I take a deep breath before I begin to slowly turn the key in the door. After it clicks I open the door slightly, only enough that I could just see Jonah standing there. My eyes fall down to the bag in his hand which seems to be filled to the top. My eyes flick from the bag to his eyes and they are kind, like they always are with Jonah. I open the door more so now I can fully see Jonah and he can fully see me. "Whats in the bag" I whisper out, "ice-cream, chocolate, candy, popcorn, whatever it is, name it and I have it" he smiles, "thought you might want some snacks" he says shortly after and I feel another tear roll down my face from how incredibly sweet and kind he is, everyone needs a Jonah in their life, they're amazing.

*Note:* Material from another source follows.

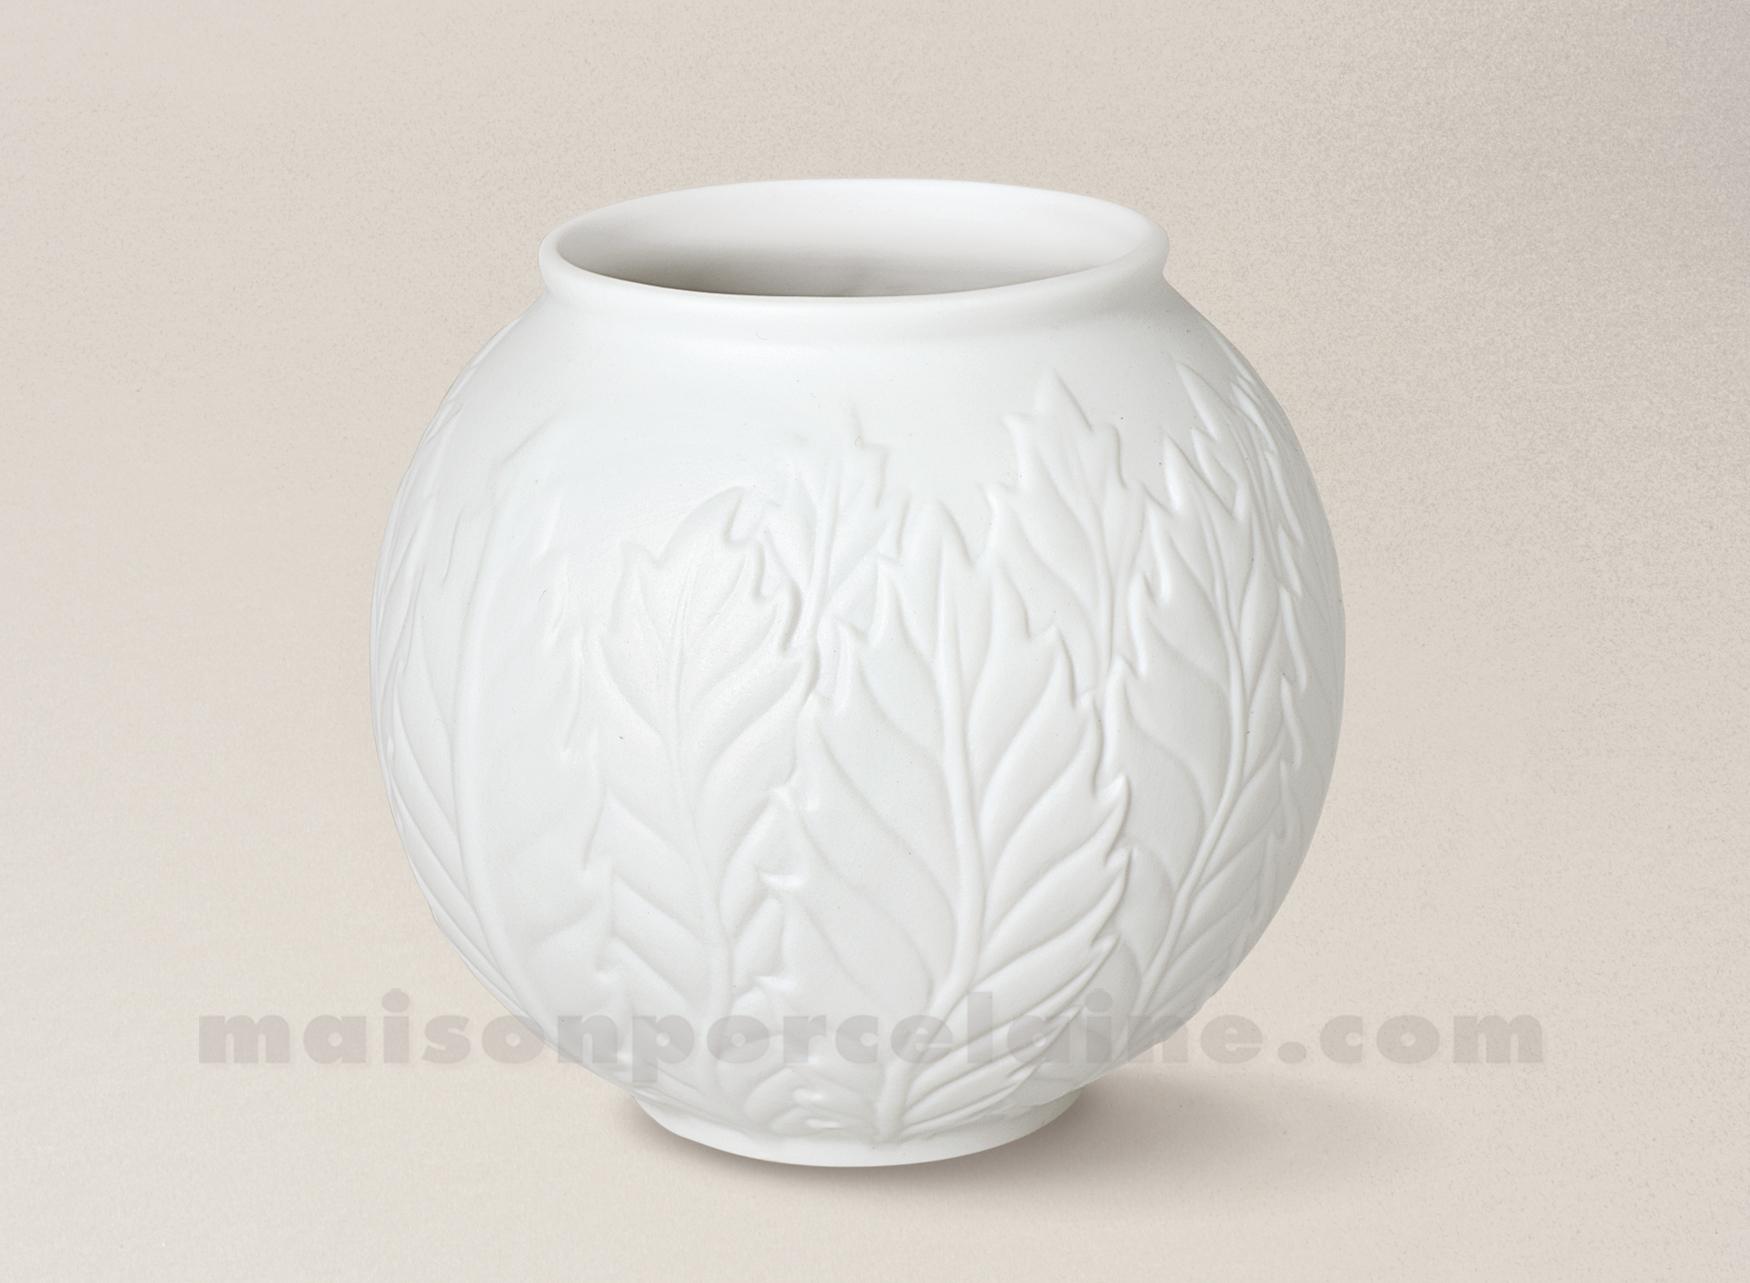 Vase porcelaine blanche limoges biscuit boule relief 14x19 - La maison de porcelaine ...

Soon enough, I am engulfed in a hug and I nuzzle my face into Jonah chest as he hugs me tighter, planting a kiss on the top of my head. "Here, lets get inside, put whatever movie you want on, and eat some ice cream" he whispers to me, still hugging. "Do you have mint-chocolate chip" I mumble into his chest, "of course I do" he says into my hair and I nod slightly before pulling away to let him inside. He walks in and I close the door lightly, making sure to lock it behind me just incase anyone came by and saw the state I was in.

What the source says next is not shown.